Interactions among obesity and age-related effects on the gait pattern and muscle activity across the ankle joint

Wael Maktouf, Sylvain Durand, Sébastien Boyas, Bruno Beaune
Experimental Gerontology 2020 August 10, : 111054

OBJECTIVE: The purposes of this study were to investigate the combined effects of age and obesity on gait and to analyze the relationship between age and obesity on ankle muscle activities during walking.

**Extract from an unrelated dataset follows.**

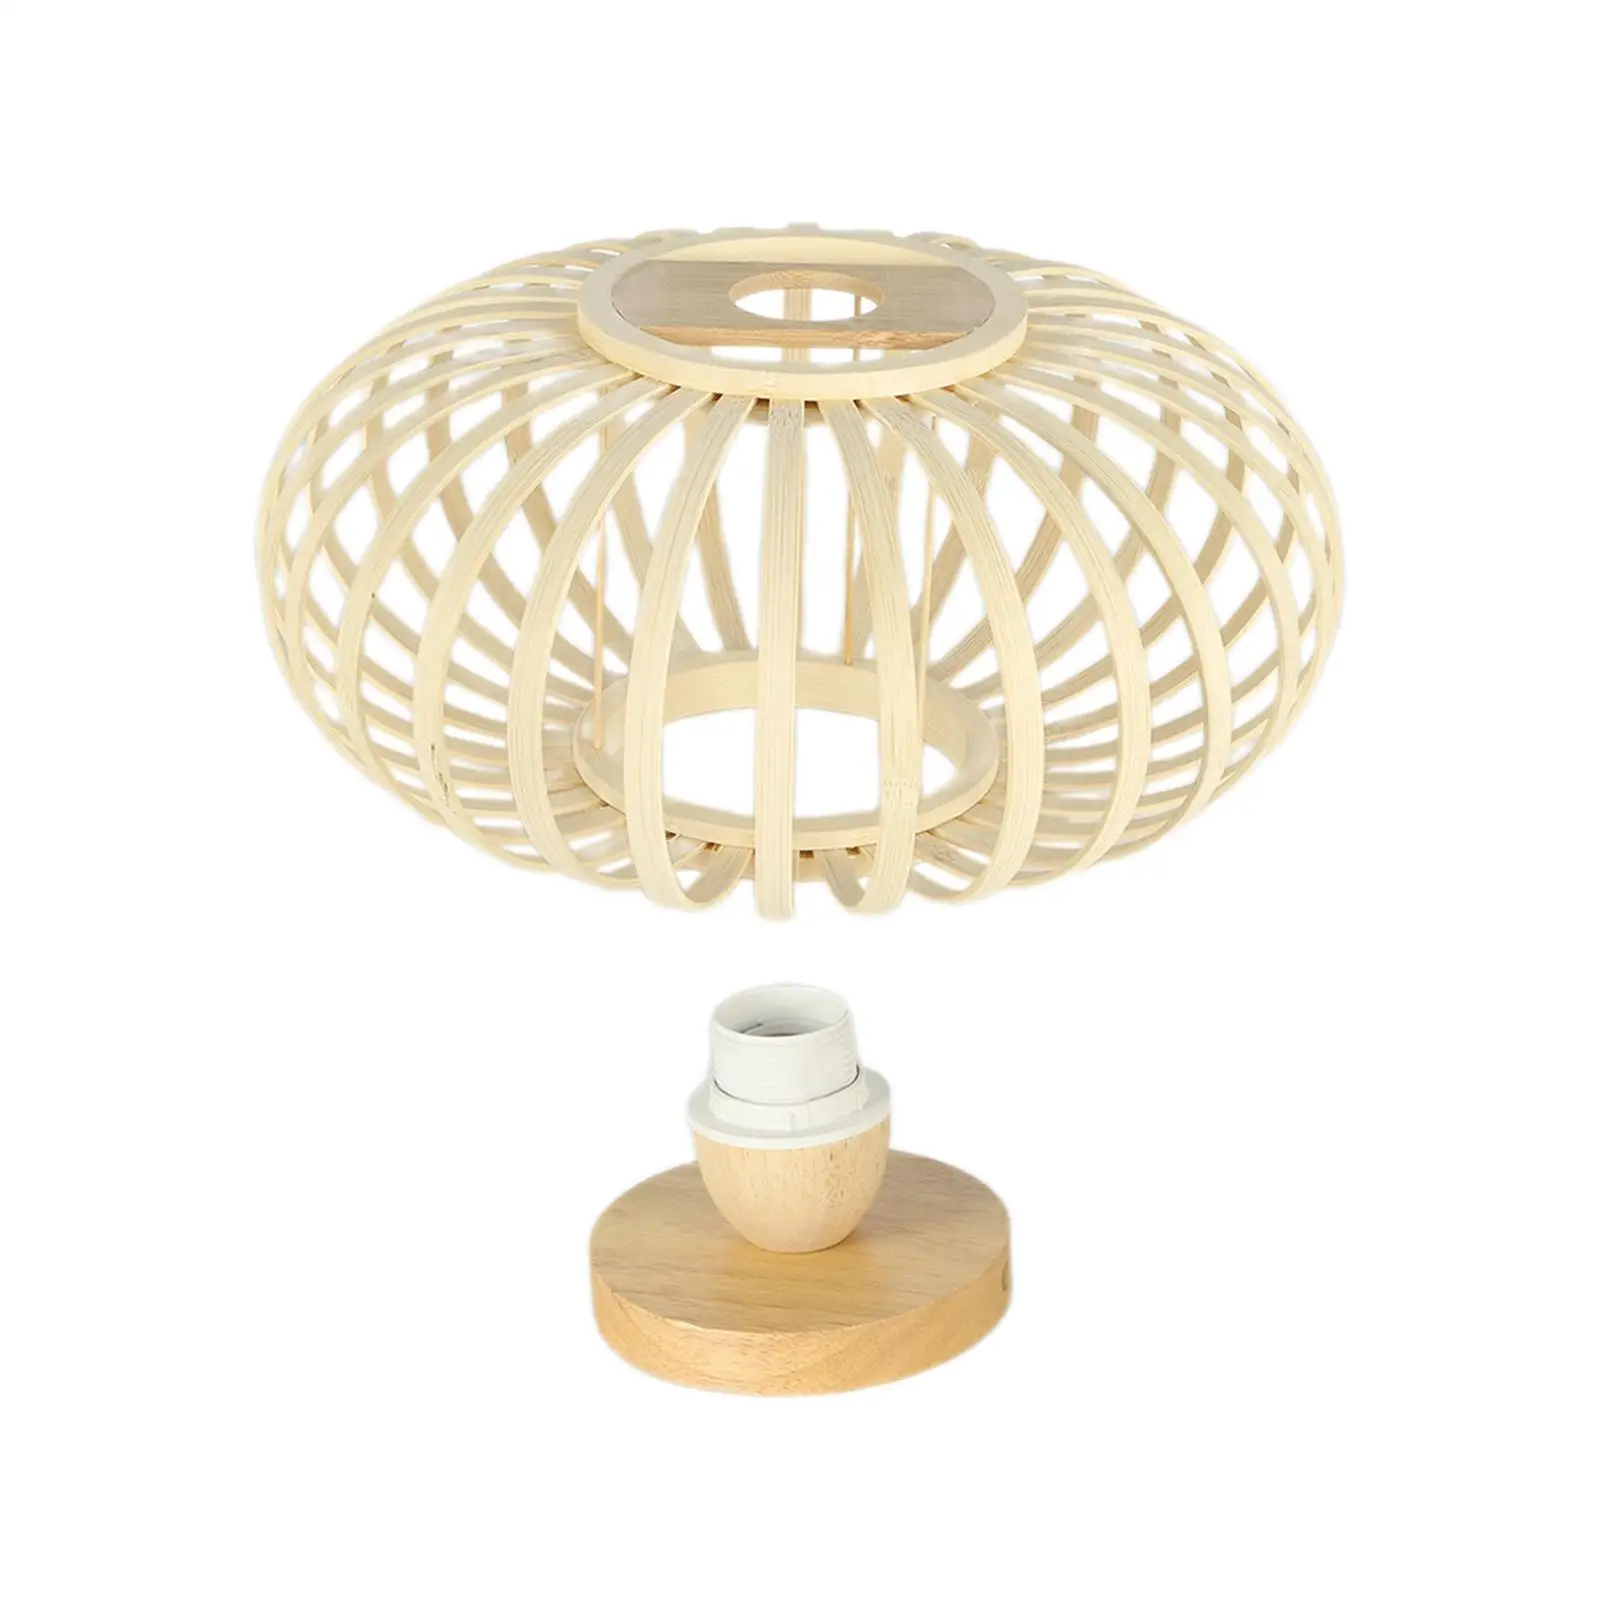 Ceiling Lamp EU Plug E27/E26 Woven Ceiling Light Shade for Home Bathroom Bar

MATERIALS AND METHODS: 4 groups; the young non-obese control group (CG, n = 50, age = 31.8 ± 4.5 years; BMI = 21.4 ± 2.2 kg/m2 ), the young obese group (OB, n = 30, age = 35.4 ± 4.1 years; BMI = 38.6 ± 3.5 kg/m2 ), the non-obese older adults group (OA, n = 20, age = 76.1 ± 3.5 years; BMI = 24.4 ± 1.1 kg/m2 ) and the obese older adults group (OBOA, n = 20, age = 79.6 ± 5.7 years; BMI = 35.5 ± 2.7 kg/m2 ) walked on an instrumented gait analysis treadmill at their preferred walking speed. Spatiotemporal parameters, walking cycle phases, Vertical ground reaction force (GRFv) and center of pressure (CoP) velocity were sampled from the treadmill software. Electromyography (EMG) activity of the gastrocnemius medialis (GM), the soleus (SOL) and tibialis anterior (TA) were also collected during the walking test. A forward stepwise multiple regression analysis was performed to determine if body weight or age could predict ankle muscle activities during the different walking cycle phases.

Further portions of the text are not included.